"... in our approach to gathering, we need to allow technology to serve the people's worship, not dictate it."
On a recent podcast that I was part of, one of the pastors made an interesting comment that I've begun to process in light of all of the press coverage about concerns over A.I. (Artificial Intelligence). He mentioned that they do not do overhead projection of any kind, preferring song sheets so that people can take the songs home and sing them during the week. I do love the intentionality of going more "retro", even though some may disagree that having to stare down at a sheet removes some of the sense of corporateness that caused many churches to move from hymnals to projection a few decades ago, and even limits the participation in actions or physical expression of worship.
Now, it's been rather humorous to watch people ask Chat GPT to "create the lyrics for a song in the style of Hillsong", or whatever, and to see the result of what appears to be a composite of existing phrases and themes found in many contemporary worship songs. But that aside, how is the church supposed to wrestle with technology as it impinges on the church? Should we fear it? Embrace it? Reject it?
Take the topic of lyrics again and remember that up until the 15th Century there were no hymnals (nor Bibles) in pews. The Gutenberg Press revolutionized the commodification of word and song in a format that made it portable and accessible to many more and spawned the Sunday School movement to increase general literacy, so that the commoner could read the Bible for themselves, instead of relying solely on what a priest said about faith. The prayer book followed suit as an aid to personal and corporate worship, especially with the order of liturgy placed in their hands, enabling them to participate in readings and prayers along with the minister. And, of course, hymnals became a staple of worship as the cost of printing went down.

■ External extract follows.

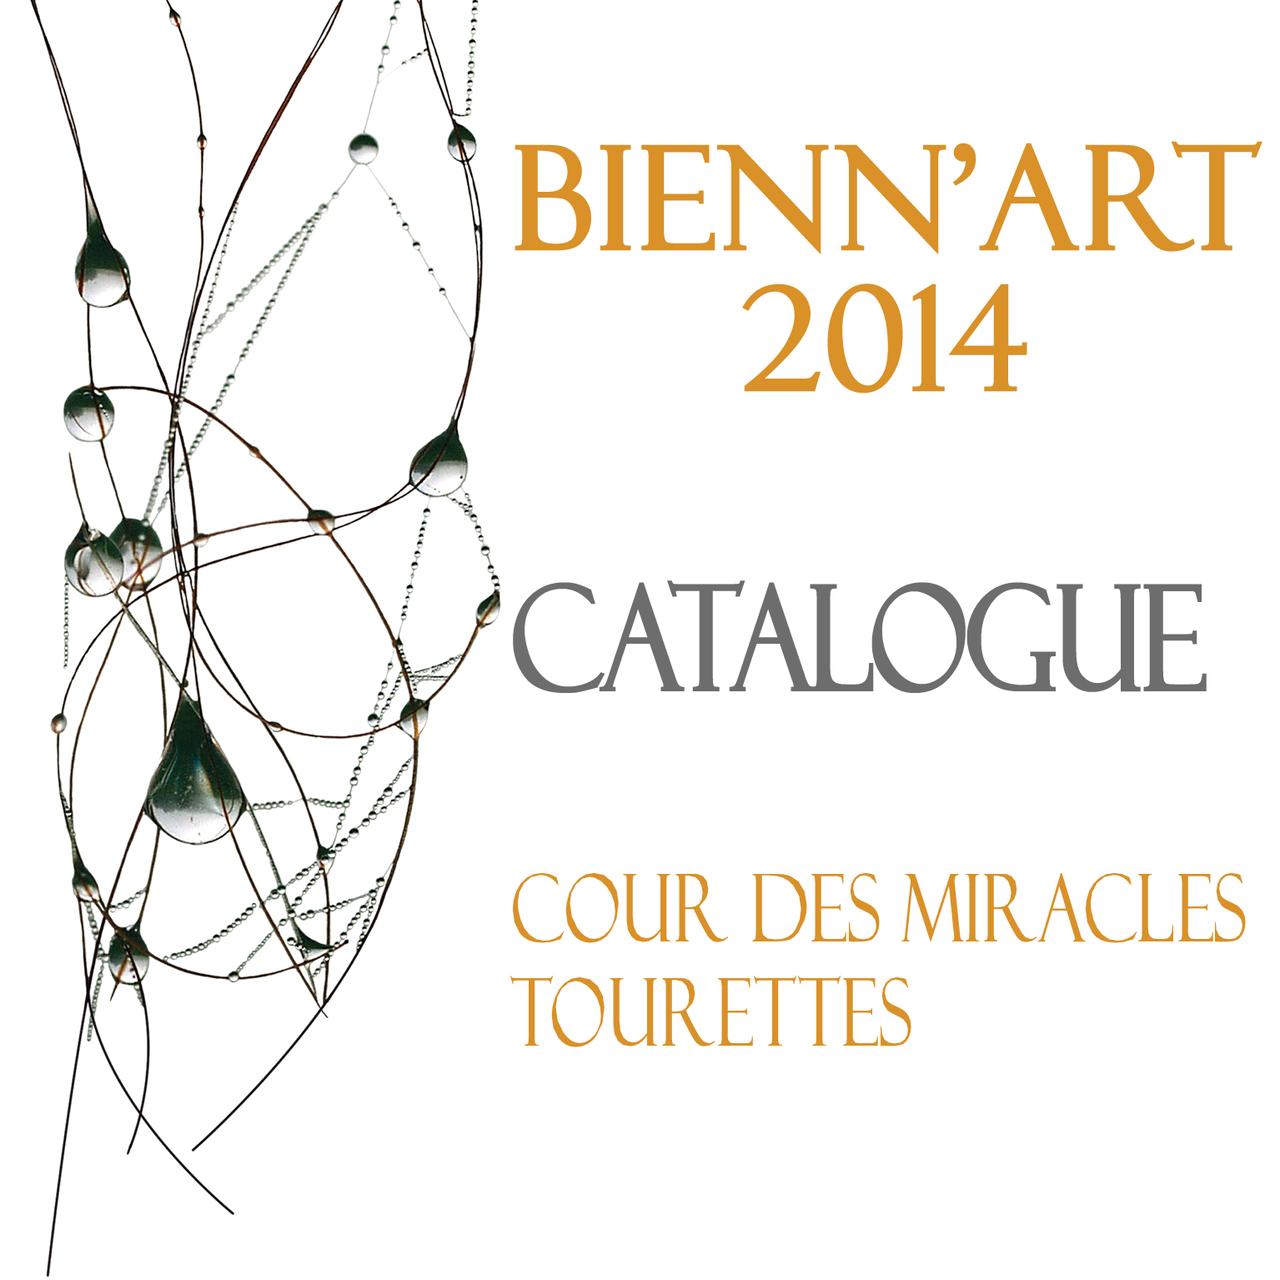 Cour des Miracles et mini-salon du couteau d'art - Bienn'Art 2014 - 12 au 15 juin 2014 Tournon-sur-Rhône

Yet, that battle goes back even farther. Other than a few outliers, it wasn't until the development of music script notation in around the 10th C. that there was a general way of passing down melodies in more than simply an aural (by ear) manner.
Moreover, the church wrestled with new musical technologies. Never mind synthesizers and electric guitars, Early Church era instruments included the likes of simplistic percussive instruments, plus flutes, lutes, harps, and so on - some of which we see in the Psalms. But, by and large, music technology did not change all that much until the Middle Ages and the development of new keyboard instrumentation. Some, like those committed to strict the Regulative Principle of worship, would say that if the Bible doesn't mention it, we should avoid using it altogether.
Keeping the Main Thing…
I know we won't settle some of these issues quickly, but my goal is to help us remember that in our approach to gathering, we need to allow technology to serve the people's worship, not dictate it. We can become excited by new implementations of lighting, sound, or stage decor, all in the name of aesthetics and quality of production. Yet, in the end liturgy is, as the Greek meaning tells us, the work of the people. Churches in developing parts of our world are thriving without some of the technological gadgetry that we in the developed world have access to.

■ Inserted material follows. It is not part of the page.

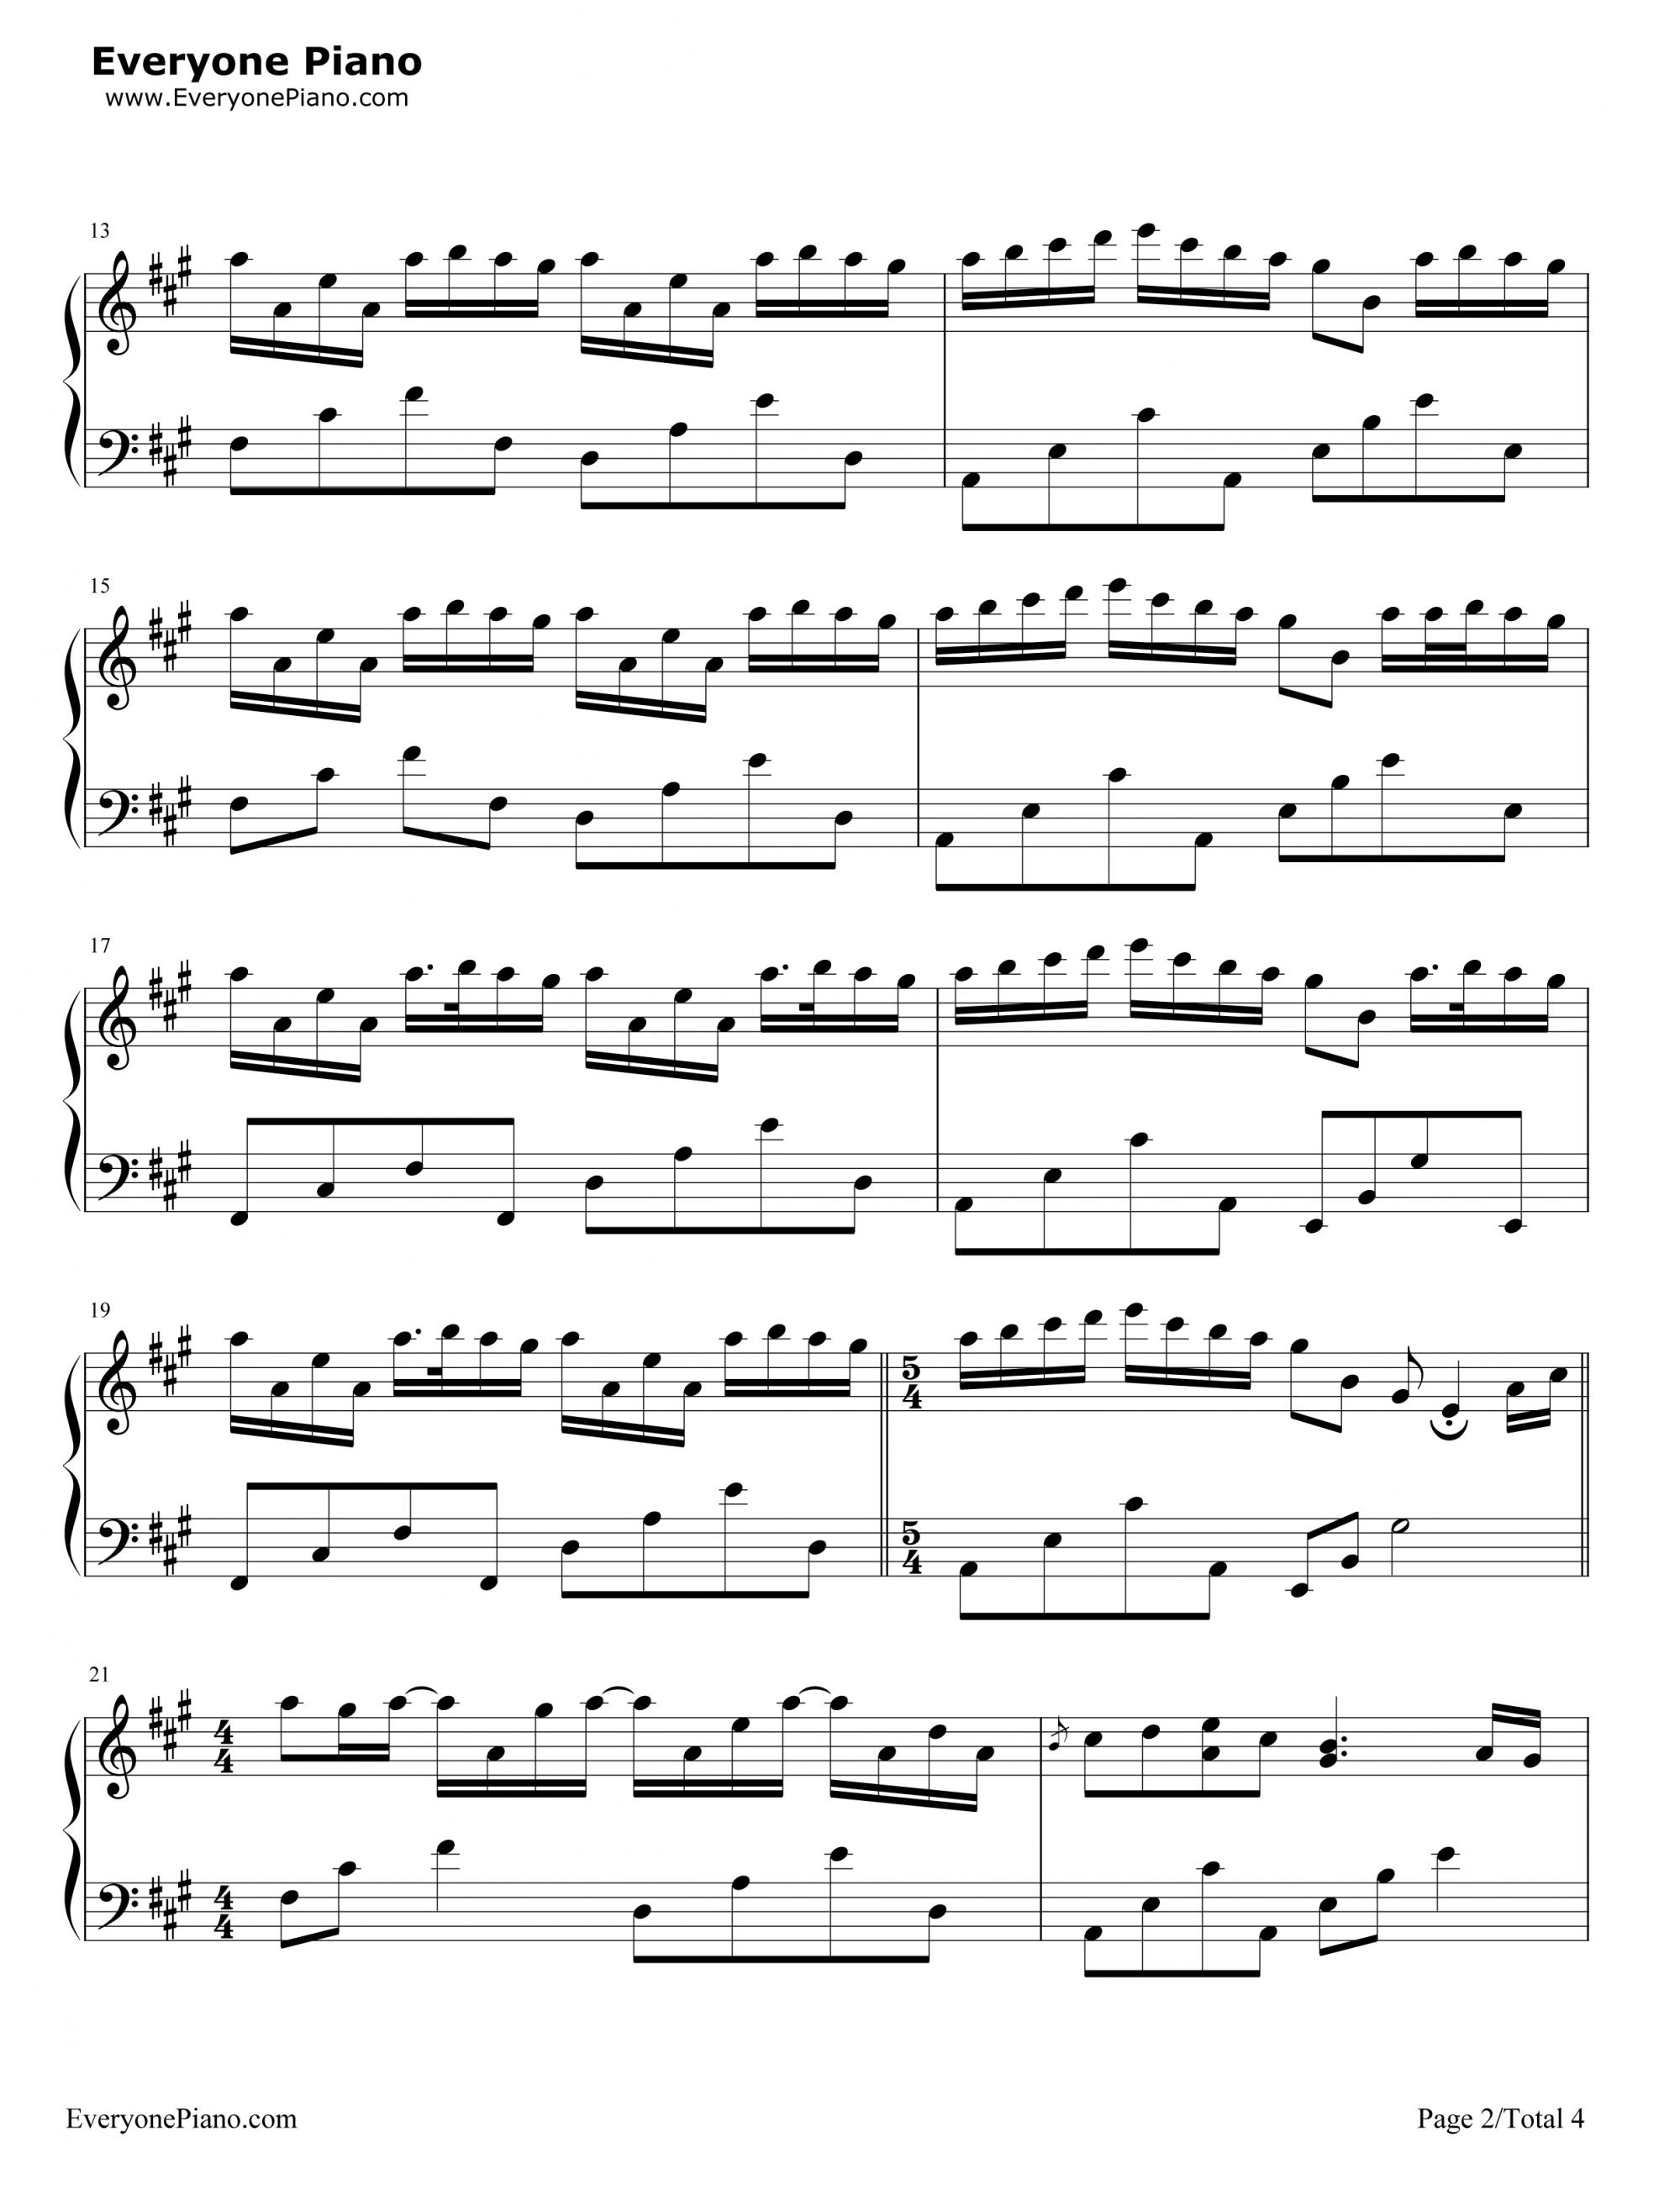 Sheet nhac river flow in you piano 02

We can never know at its outset how something like A.I. will impact The Church and its worship. Technology will continue to advance, for better or worse, and the church will need to know what to do with it. At the heart of what we do in ministry, our focus on 'equipping the saints for the work of ministry' (Eph. 4:12) must remain a priority for those who serve among us. Whether it is making them better sound techs, better vocalists, or challenging them to be better musicians by not relying on tracks to play hooks and other parts, let us continue to place people before production. In the end, when people serve with the talents and abilities they have, they will know the satisfaction that they have been part of the discipleship process that happens every Sunday as we meet to worship our Lord!
 The Book of Common Prayer was originally produced by Thomas Cranmer in England in 1549.  Perhaps the most famous early music manuscript is of a hymn found on papyrus in Oxyrhyncus, Egypt in the 18th C., believed to be from a Christian community in the 3rd C. A.D.  A. Wilson-Dickson, The Story of Christian Music; Lion Publishing, Oxford, 1992; p32.